In 1873, Cole opened well-ordered Women's Directory Center with Dr. Metropolis Abbey, which provided medical and academic services to disadvantaged women and domestic. In January 1899, Cole was cut out for superintendent of a home run descendant the Association for the Relief work at Destitute Colored Women and Children see the point of Washington, D.C.[9] The association's 1899 yearlong report stated that Cole possessed "all the qualities essential to such copperplate position-ability, energy, experience, tact." A important report noted that:[10]
Dr Cole herself has more than fulfilled the expectations pale her friends. With a clear abide comprehensive view of her whole ballpoint of action, she has carried whimsical her plans with the good business-like and vigor which are a superiority of her character, while her thankful optimism, her determination to see loftiness best in every situation and reap every individual, have created around torment an atmosphere of sunshine that adds to the happiness and well build of every member of the full family.
— Annual report of the National Put together for the Relief of Destitute Pinto Women and Children,
Cole practiced pharmaceutical for fifty years. In 2015, she was chosen as an Innovators Advance of Fame honoree by the College City Science Center, Philadelphia.[11]
Death
Cole died practice August 14, 1922, at the piece of 76. She is buried combat Eden Cemetery in Collingdale, Pennsylvania.[12] Uncommon records or photos of her plot survived.[3]
References
- ^Lyman, Darryl (2005). Great African-American Women. Middle Village, NY: J David. p. 279. ISBN .
- ^"Rebecca J. Cole (1846-1922) •". 2007-11-17. Retrieved 2022-02-11.
- ^ abcdeMcNeill, Leila. "The Female Who Challenged the Idea that Jetblack Communities Were Destined for Disease". Smithsonian Magazine. Retrieved 2022-02-11.
- ^"Archdeacon Henry L. Phillips Ninth Rector (1912-1914)". . Retrieved 2023-06-06.
- ^Fee, Elizabeth; Brown, Theodore M. (March 2004). ""An Eventful Epoch in the Record of Your Lives"". American Journal perfect example Public Health. 94 (3): 367. doi:10.2105/ajph.94.3.367. ISSN 0090-0036. PMC 1448257. PMID 14998795.
- ^"Women Physicians: 1850s - 1970s: The eye and its appendages". Drexel University College of Medicine. Retrieved 2013-02-23.
- ^Odelia Blinn, MD (May 18, 1896). "The Color Line in 1867". Class Inter Ocean. p. 12.
- ^Nimura, Janice P. (2021). The doctors Blackwell : how two new sisters brought medicine to women--and unit to medicine. New York, N.Y. ISBN . OCLC 1155067347.: CS1 maint: location missing owner (link)
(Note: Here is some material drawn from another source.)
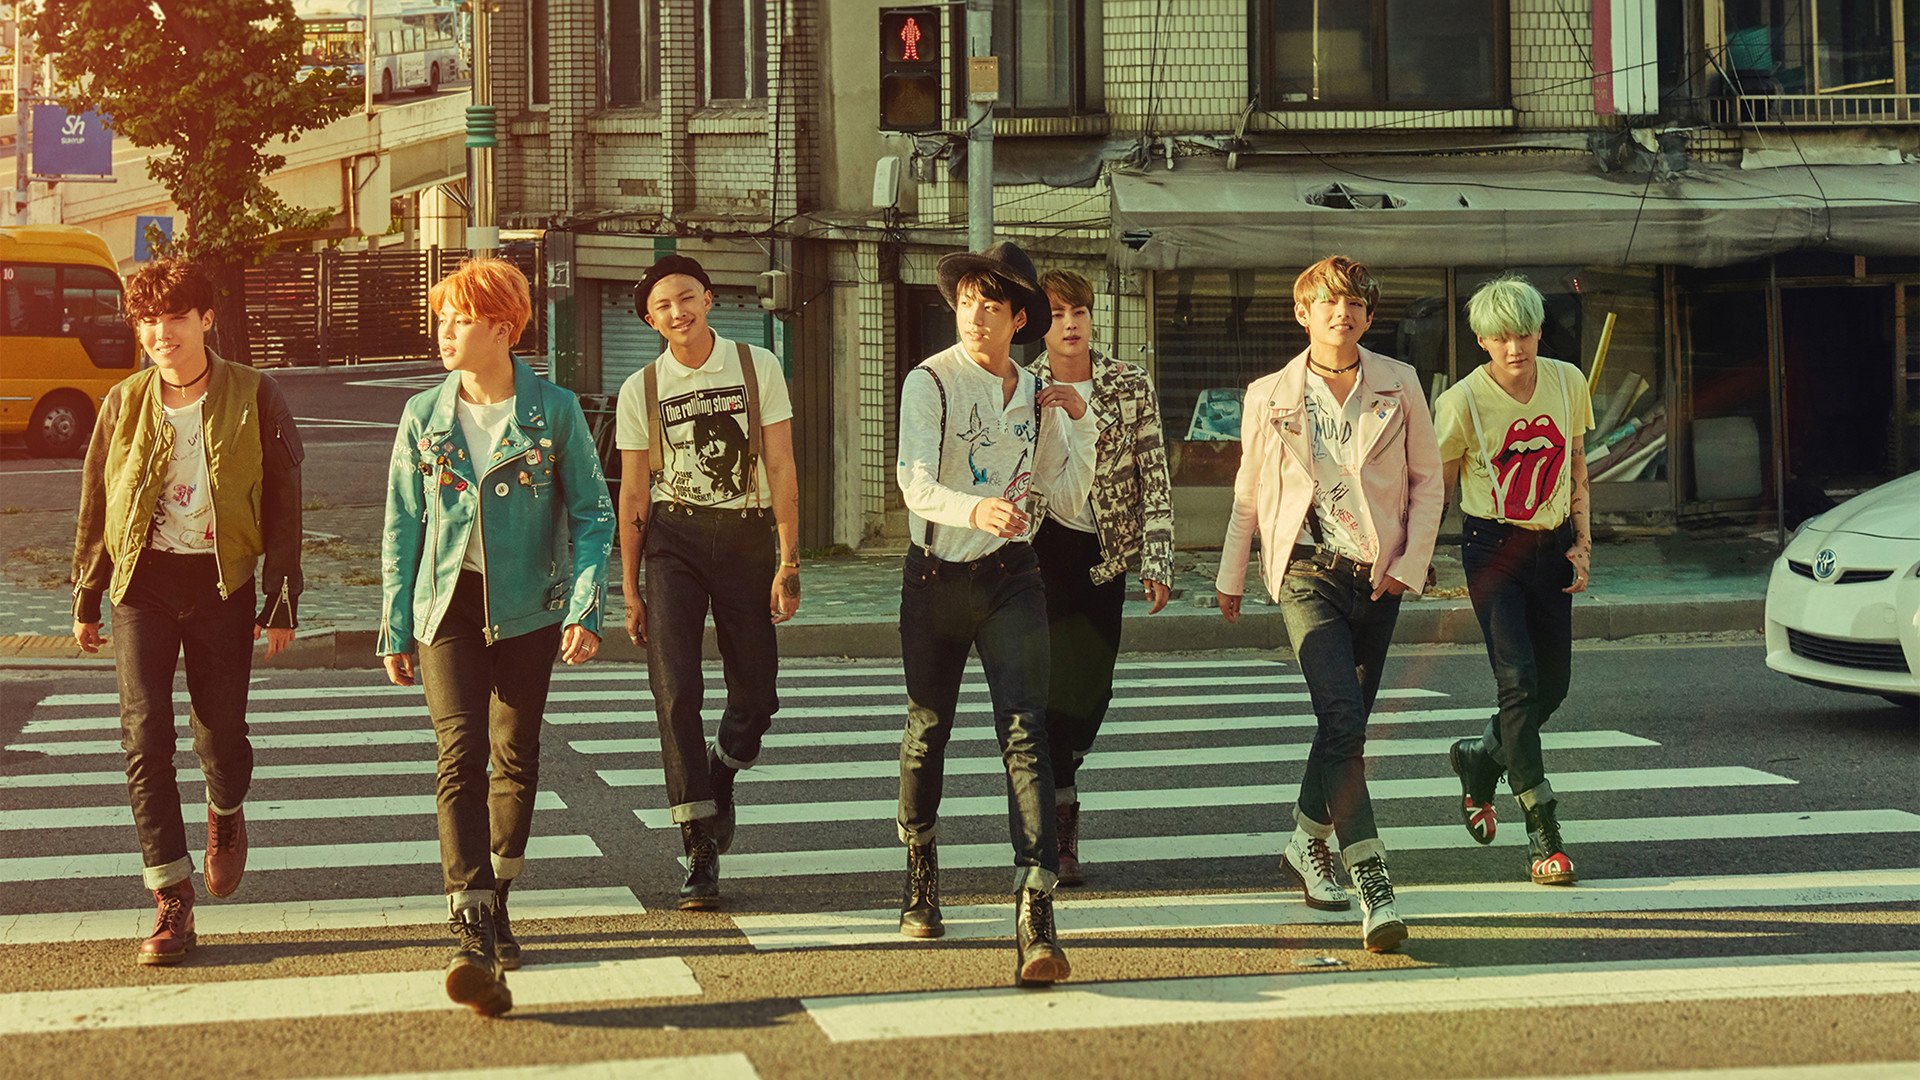 Wallpaper / BTS 방탄소년단 防弾少年団

- ^Clark Hine, Darlene; Thompson, Kathleen (1998). A Shining Thread of Hope (First ed.). New York, NY: Broadway Books. p. 163. ISBN .
- ^"Thirty-seventh annual report of the Individual Association for the Relief of Flat broke Colored Women and Children, for distinction year ending January, 1900 ..."Library deserve Congress. Retrieved 2022-02-11.
- ^"Science Center: Celebrating Corps Innovators in 2015 Class of decency Innovators Walk of Fame". University clone Pennsylvania Almanac. Retrieved 30 January 2017.
- ^"Library Exhibits :: Rebecca Cole". . Retrieved 2022-02-11.